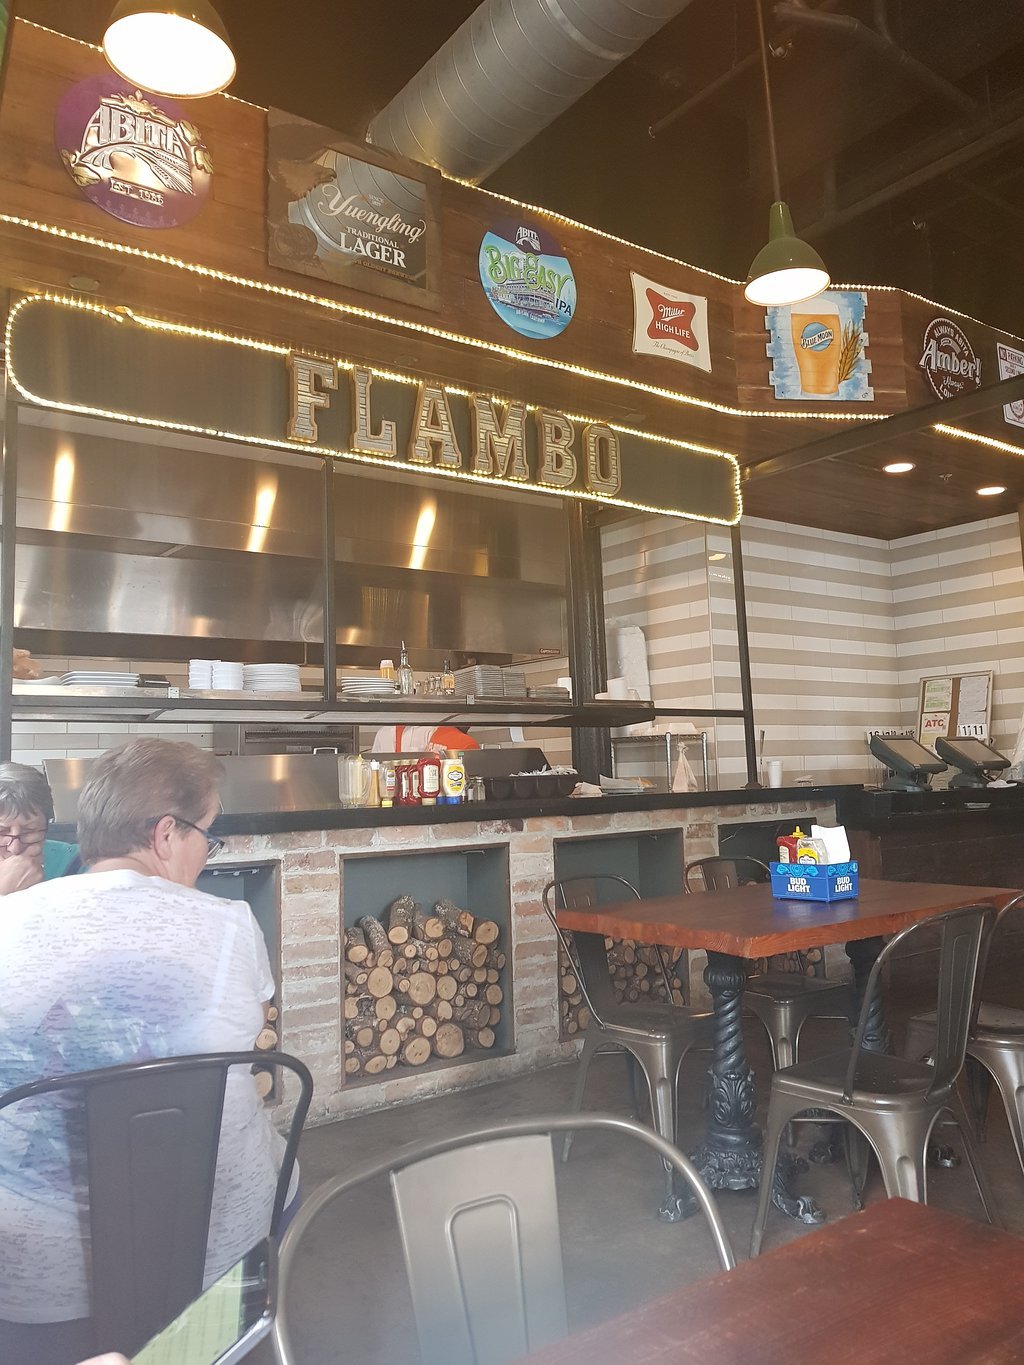 Flambo Burgers and Bar
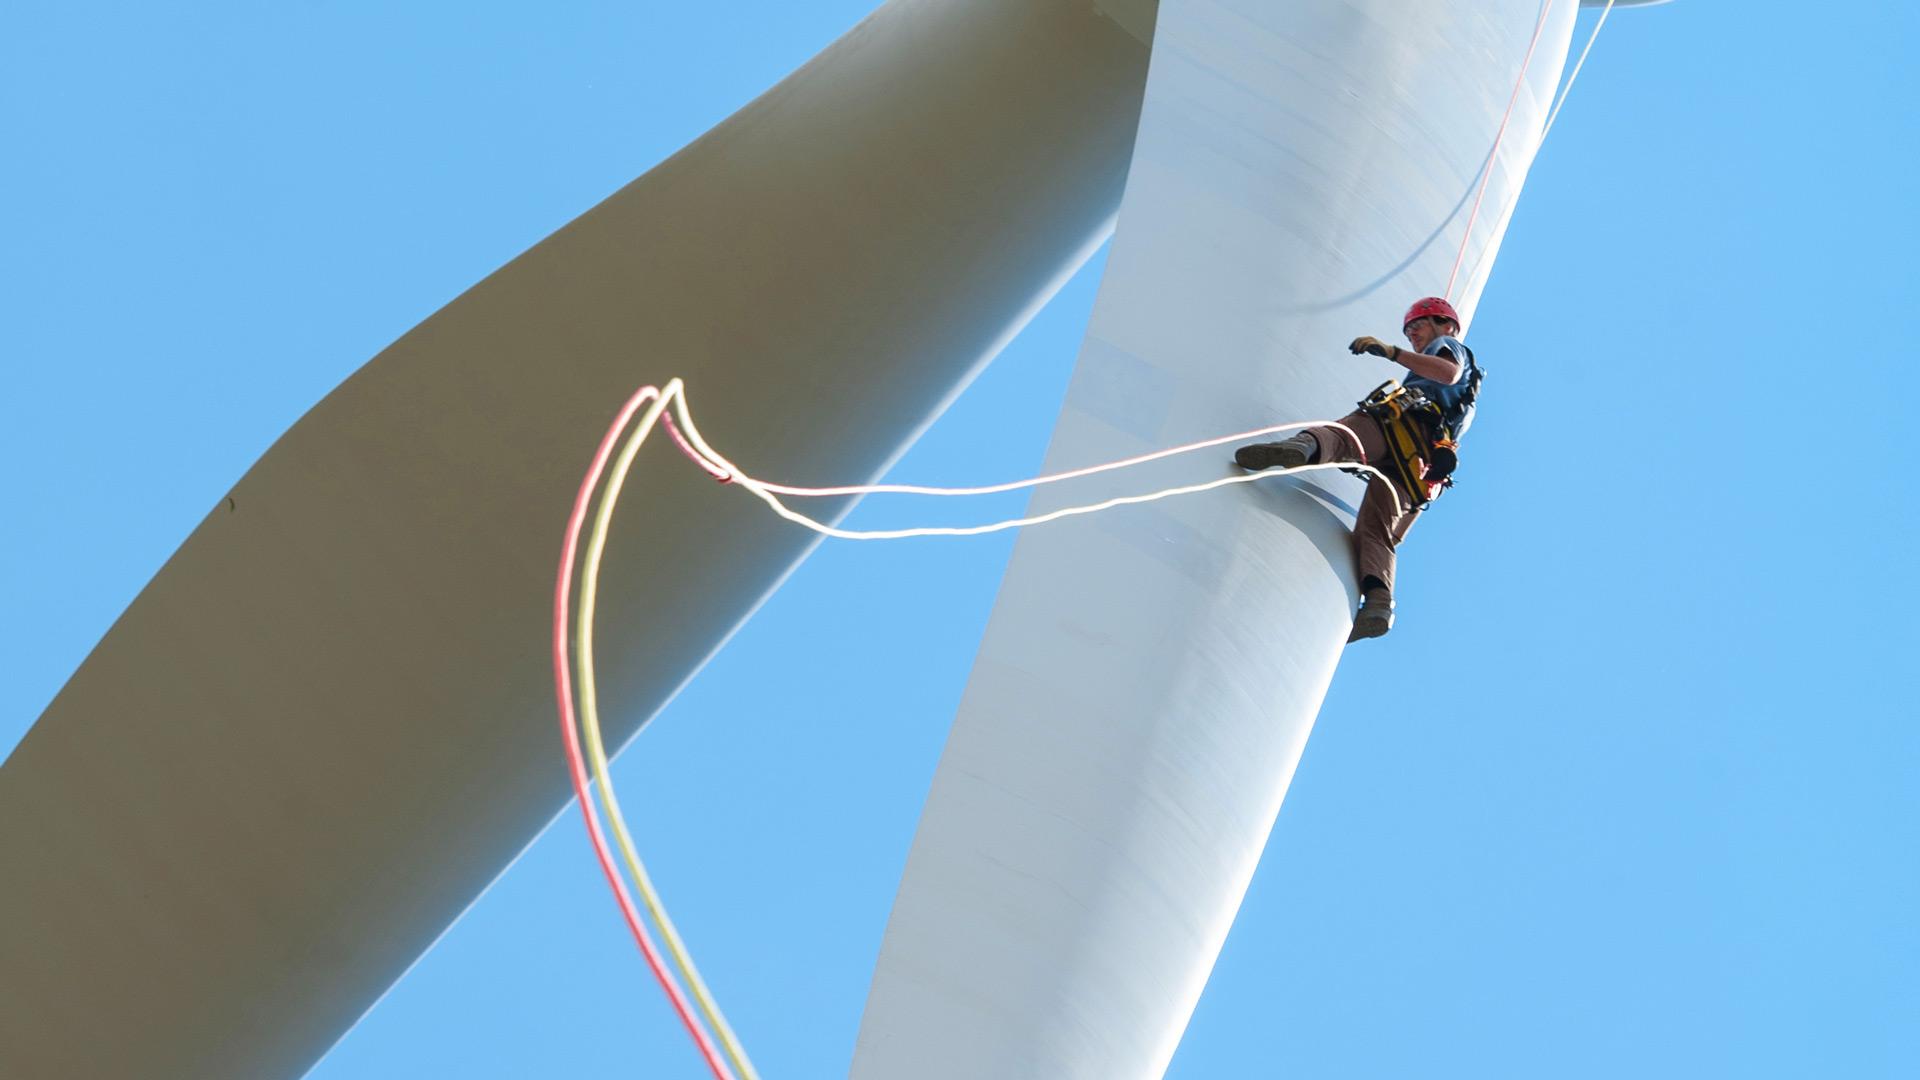 Worker rapelling down a wind turbine blade
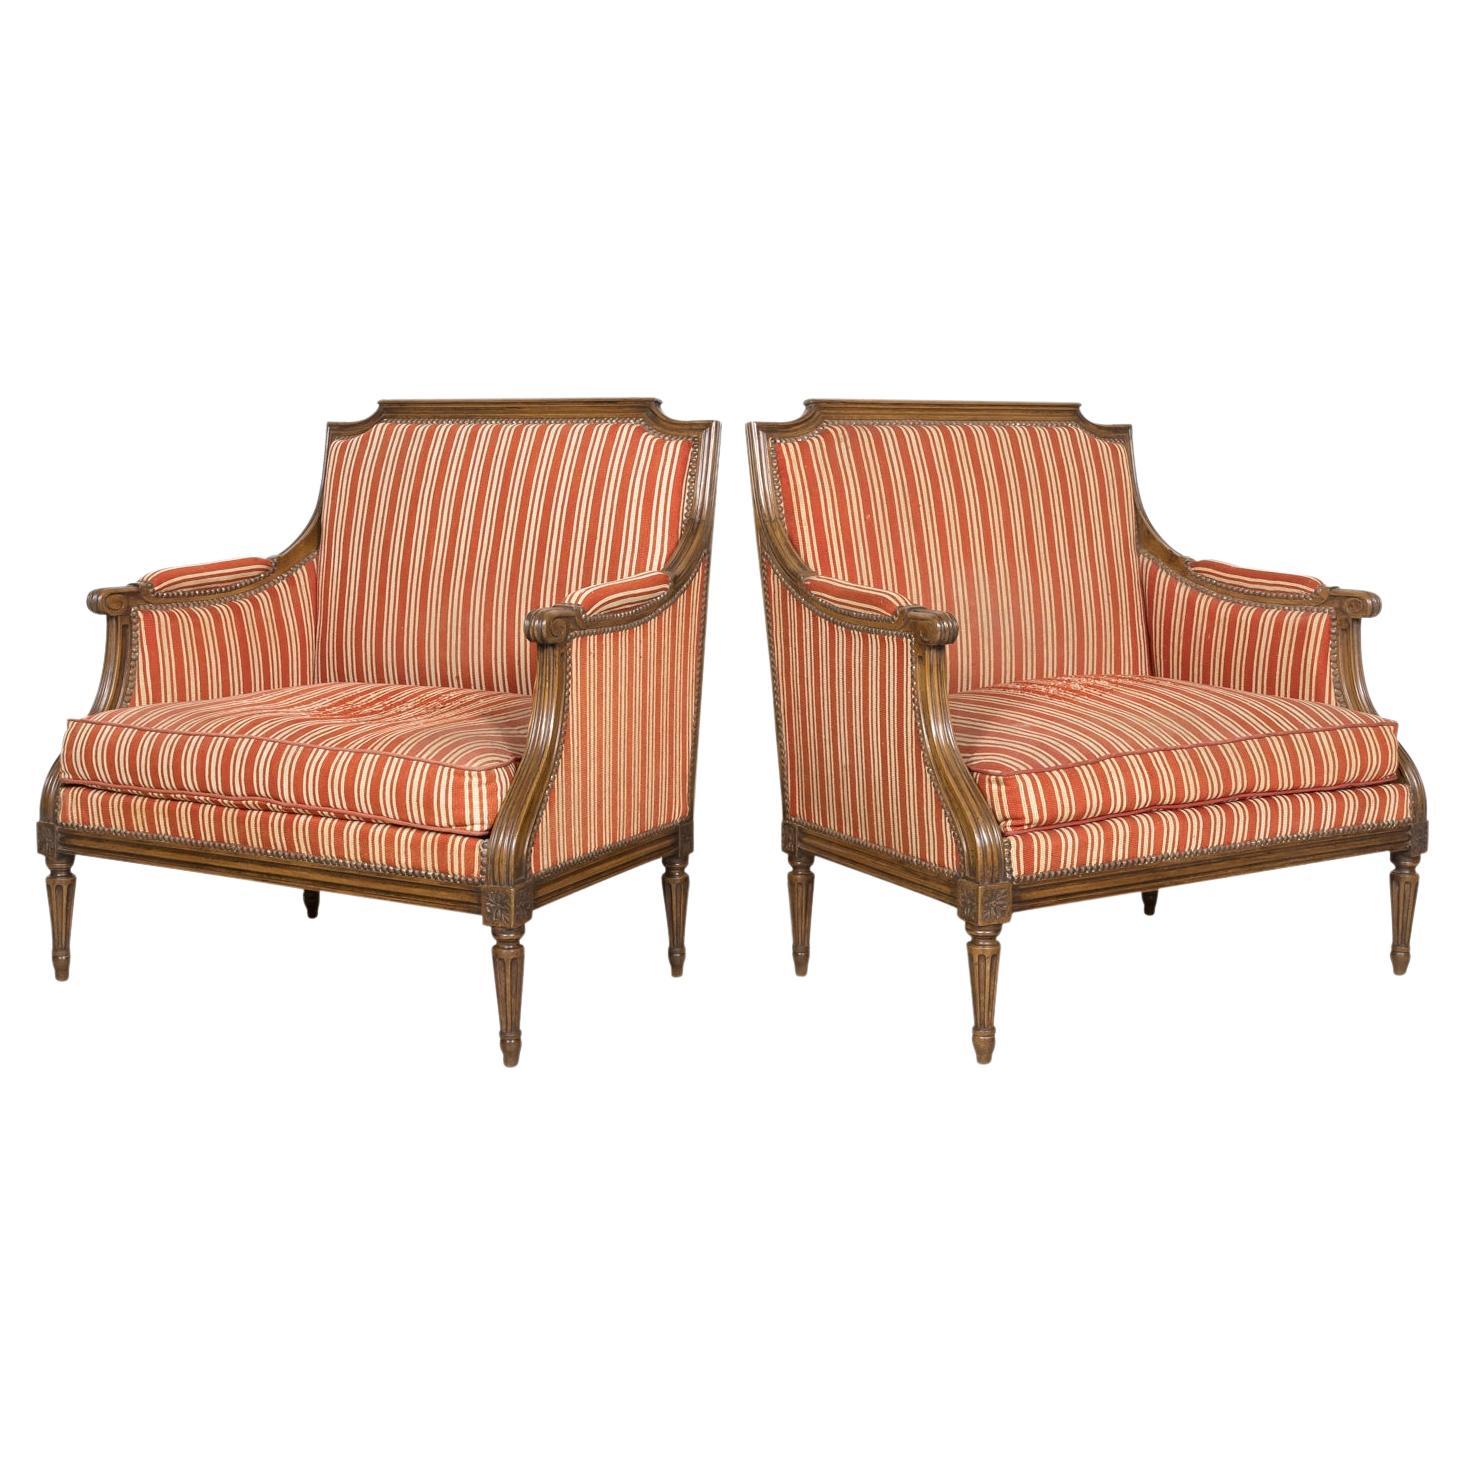 Paire de fauteuils surdimensionnés de style Louis XVI français du 19e siècle, de type Bergere Marquise
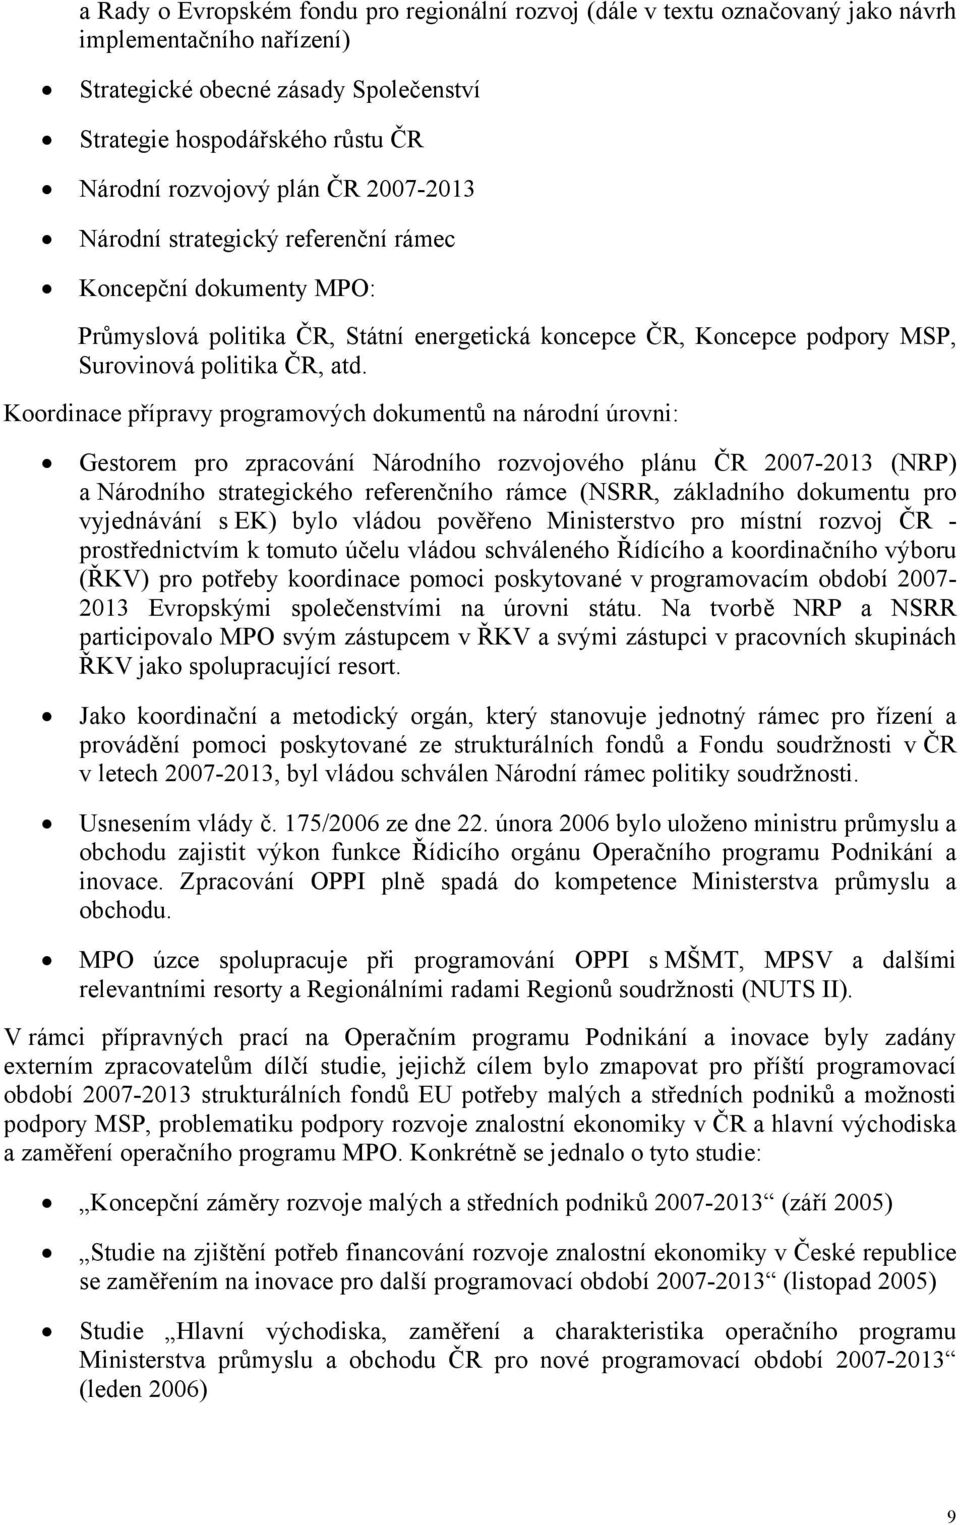 Koordinace přípravy programových dokumentů na národní úrovni: Gestorem pro zpracování Národního rozvojového plánu ČR 2007-2013 (NRP) a Národního strategického referenčního rámce (NSRR, základního

*Task*.
Could the lines above be copied out exactly, with no image carried over?

*Response below*.
 Flambo Burgers and Bar
 Worker rapelling down a wind turbine blade
 Paire de fauteuils surdimensionnés de style Louis XVI français du 19e siècle, de type Bergere Marquise
 Koordinace přípravy programových dokumentů na národní úrovni: Gestorem pro zpracování Národního rozvojového plánu ČR 2007-2013 (NRP) a Národního strategického referenčního rámce (NSRR, základního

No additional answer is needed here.